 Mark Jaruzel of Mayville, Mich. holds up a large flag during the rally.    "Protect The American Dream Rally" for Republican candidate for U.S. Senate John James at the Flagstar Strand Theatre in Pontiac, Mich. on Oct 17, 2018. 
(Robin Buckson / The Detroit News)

_ _ _ _ _

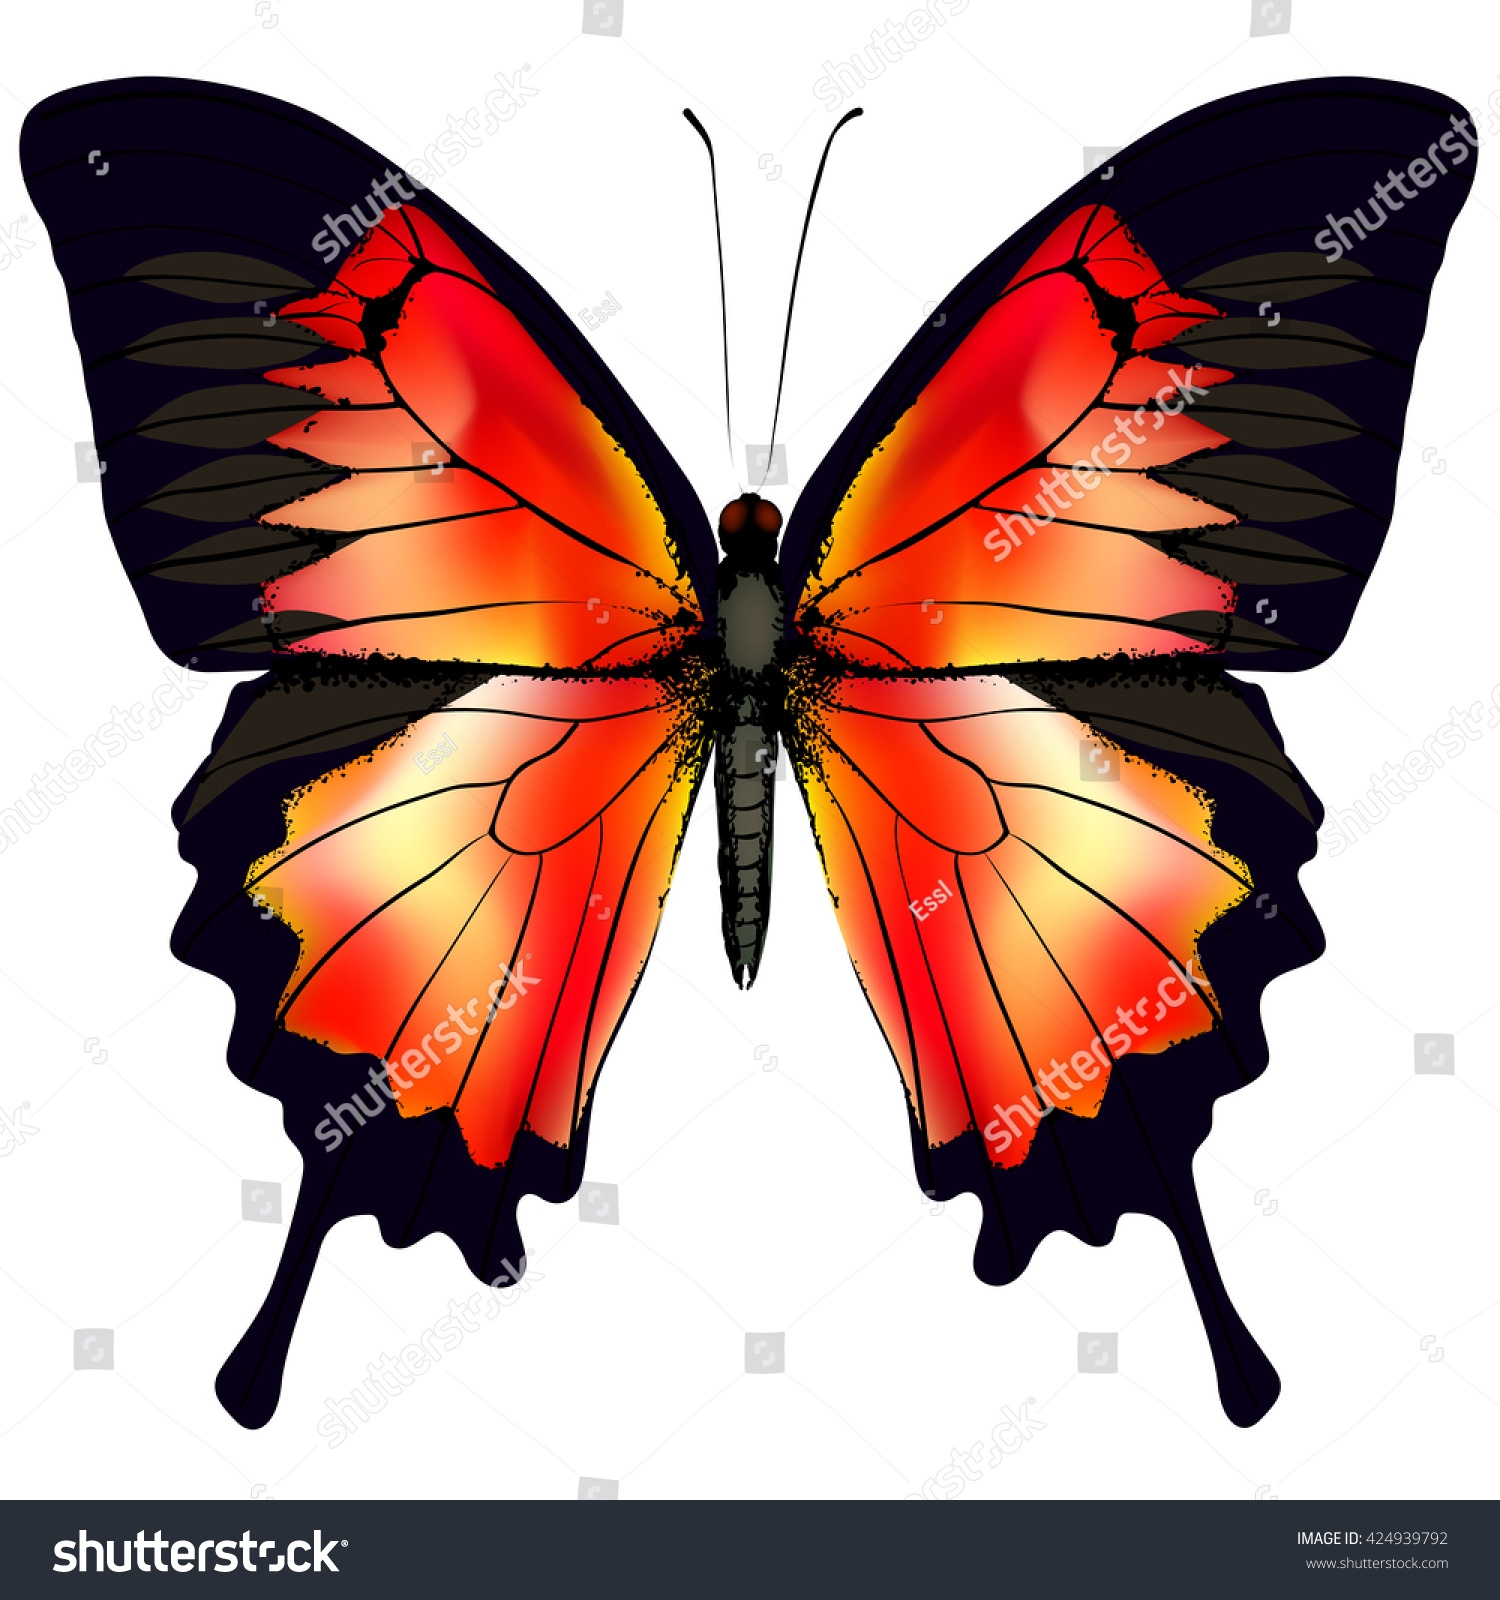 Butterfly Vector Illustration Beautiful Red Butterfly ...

_ _ _ _ _

_About this exercise_
Exactly the lines above from the one with "Mark Jaruzel of" to the one with "(Robin Buckson / The Detroit News)", both included, are to be quoted; leave the rest out.

_Output for this task_
 Mark Jaruzel of Mayville, Mich. holds up a large flag during the rally.    "Protect The American Dream Rally" for Republican candidate for U.S. Senate John James at the Flagstar Strand Theatre in Pontiac, Mich. on Oct 17, 2018. 
(Robin Buckson / The Detroit News)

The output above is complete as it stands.